Auriga Develops Computer Vision for Autonomous Driving

In many ways, 2016 was an important year for driverless vehicles full of historic moments. In that year, major automakers—from Daimler to BMW, Audi, and Hyundai—invested billions of dollars in autonomous vehicle development and worked in partnership with tech players to become leaders in the race for self-driving cars. It was the year driverless and semi-autonomous cars were made available to the public for the first time, at least in trial mode, and the year that sparked a hot debate on the challenges of self-driving mobility and car automation.

More than a dozen companies—including Tesla, Uber, Google, and Baidu—have already demonstrated self-driving cars performing in real environments. Ford is aiming to have its fully autonomous car ready in four to five years. Nissan, Toyota, and Honda are looking to put completely driverless cars on highways by 2020. Tesla announced that its driverless technology will be launched in full in 2018. Elon Musk, Tesla’s CEO and the frontman of this driverless revolution, says that in 10 years, it will be rare to find a car that is not autonomous.

Driverless Dilemmas

Autonomous vehicles are expected to be much safer than human-driven ones and reduce crashes by around 90 percent. Nevertheless, no driverless car has yet demonstrated absolute reliability: that is, they are reliable most of the time but not always. Self-driving vehicles still struggle when dealing with extreme weather and those one-in-a-million situations when something completely unexpected happens. On the road to driverless cars, there are a number of tough but important dilemmas for the industry to tackle.

First and foremost, it is necessary to decide who will be protected in case of an unavoidable accident. In other words, we have to choose whether to hit a child who runs in front of a car or to swerve into a tree, plunge into a group of pedestrians or oncoming traffic, or plummet over a bridge. Mercedes-Benz spokesman David McCarthy admitted that in dangerous situations, the driverless technology would prioritize the safety of the passengers rather than that of bystanders outside of the vehicle.

One more dilemma is who gets the blame and pays the damages when driverless cars crash. Should it be the car owner, the car manufacturer, or the software developer? Volvo, one of many automakers eager to market an autonomous car, expects there will be a shift from driver liability to product liability, making the automotive industry the primary liability stakeholder.

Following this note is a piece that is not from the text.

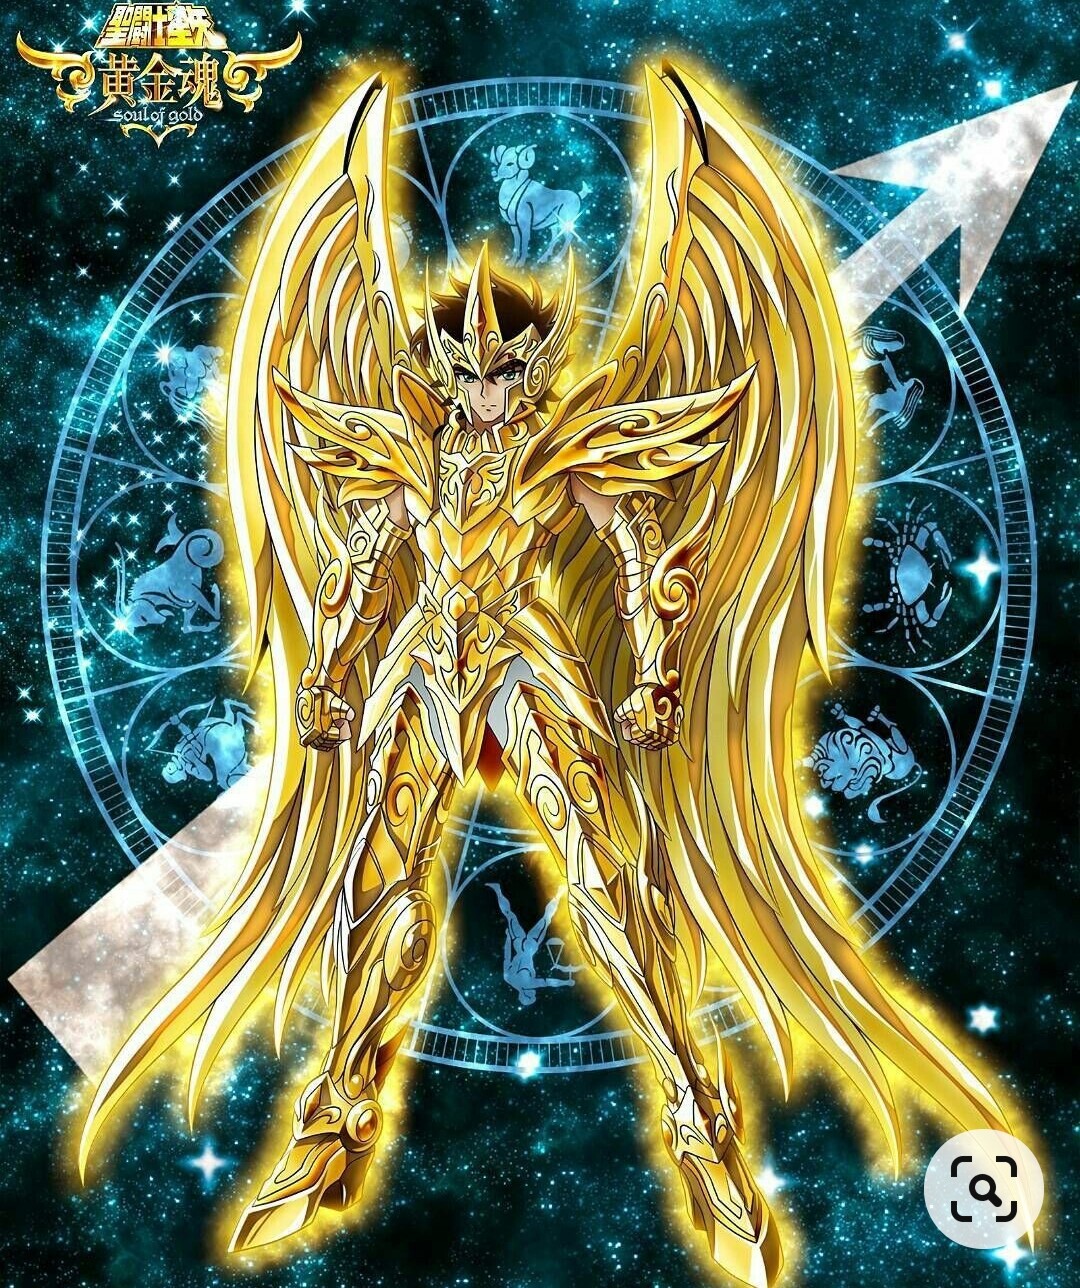 Saint Seiya Soul of Gold Myth Cloth EX - Sagittarius Aiolos

Nevertheless, improved safety will be one of the biggest benefits of autonomous vehicles. In addition, they will greatly improve traffic and fuel efficiency and provide us more free time. There are still a myriad of questions to answer, but driverless vehicles are now nearing the live phase, and the race for self-driving cars is getting hotter.

How We Make a Car “See” the World

That said, the fast and precise recognition of objects ahead and the ethical resolution of tough situations are the most challenging tasks for today’s connected car technologies. Most self-driving cars use a combination of sensing technologies to “see” the road ahead. Range-to-object detecting sensors, such as lasers and LIDAR, indicate the distance between a vehicle and surrounding objects. Visual sensors, such as cameras, recognize color and fine appearance details. Many players in the self-driving world are developing deep learning systems that learn how to drive safely in various circumstances based on huge amounts of labeled sensor data.

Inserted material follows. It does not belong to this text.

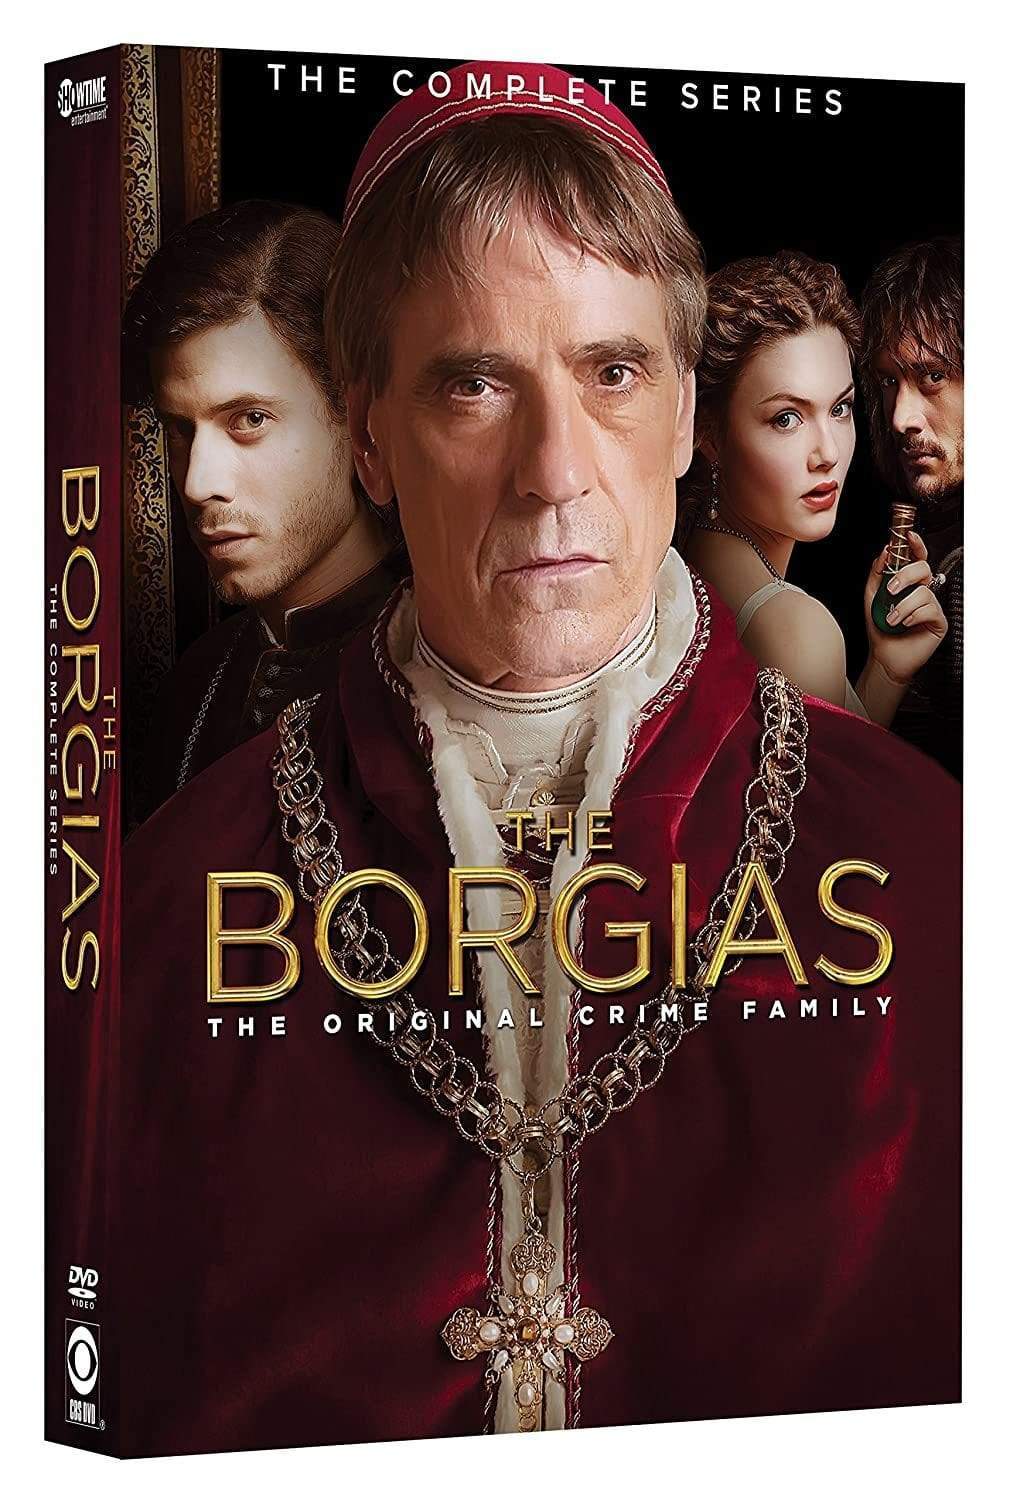 Borgias Complete Series On DVD Paramount Home Entertainment DVDs & Blu-ray Discs

Part of a big driving automation project, Auriga is developing a semi-automated object identification tool to label acquired data and create a stream that can be used for machine learning. With some manual operator assistance, the application should automatically recognize and label objects using the uploaded video, LIDAR data, and speed data with a predefined set of labels, including lane markings, traffic lights and signs, trees, other vehicles, cyclists, and pedestrians. Labeled data forms a data stream for subsequent machine learning and driving automation. The more data it labels, the better the system will “see” the environment in the future.

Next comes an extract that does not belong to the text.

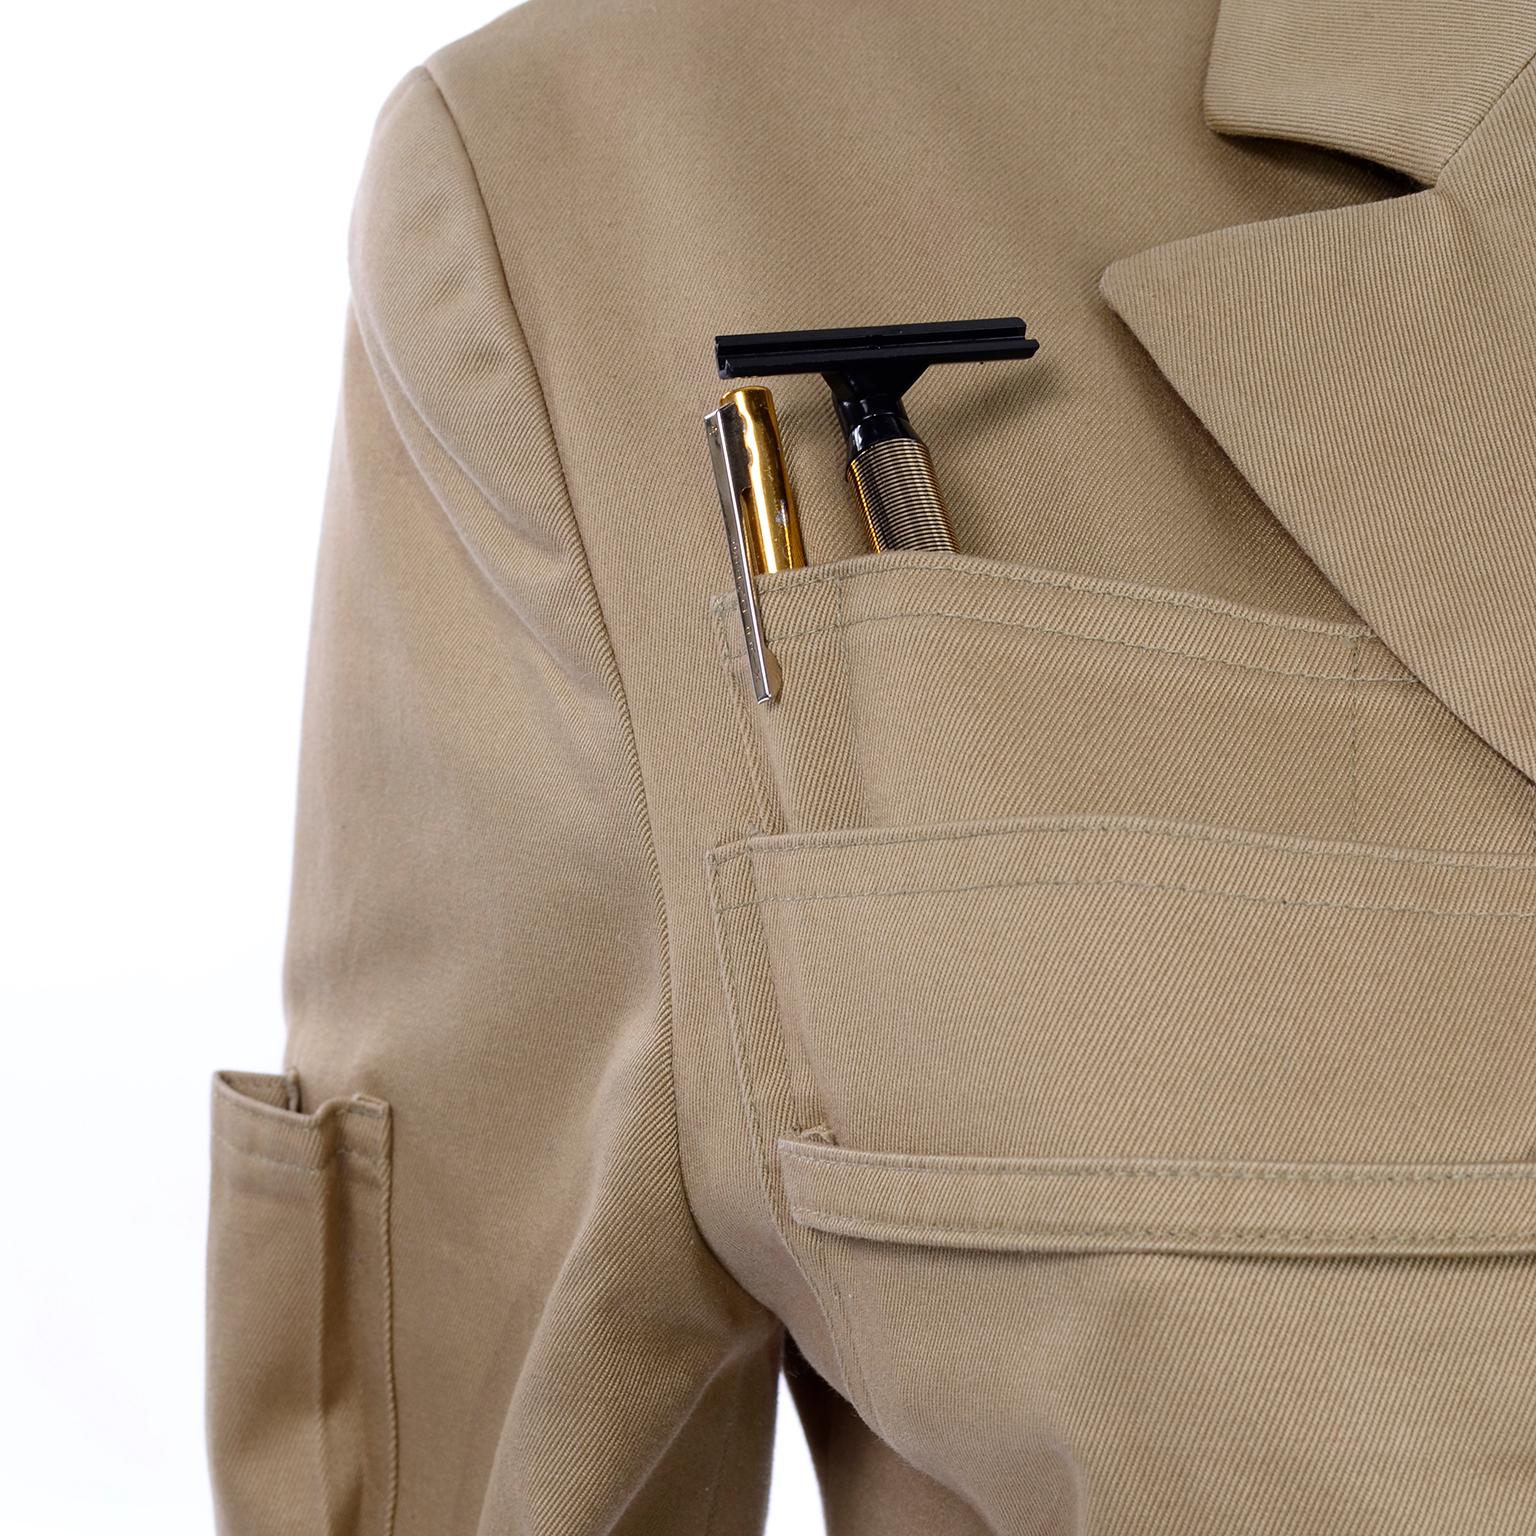 1991 Franco Moschino Couture Survival Jacket in Khaki Cotton Urban Jungle Tools 3

As cameras are very susceptible to changing weather conditions, it is vital to consider the day–night cycle, seasonal changes, rain, fog, haze, and snow, as it can completely obscure lane markings and even signs. Self-driving cars are designed to rely on rigid road rules and can struggle to make sense of what is on the road ahead while driving under extreme conditions. All these circumstances were considered, and video streams of driving in poor weather conditions form a considerable part of the created data lake.

Elena Baranova, Head of Auriga’s Engineering Department, had the following to say regarding Auriga’s involvement in the connected vehicle market:

The application Auriga works on is a part of our customer’s innovation strategy for the connected car market. This project requires from our engineers profound expertise in embedded development and a creative mindset, the ability to think outside the box—the skillset demanded on the connected vehicle market and a key area of expertise for Auriga. We are honored to be part of such a challenging project and appreciate the customer’s faith in us.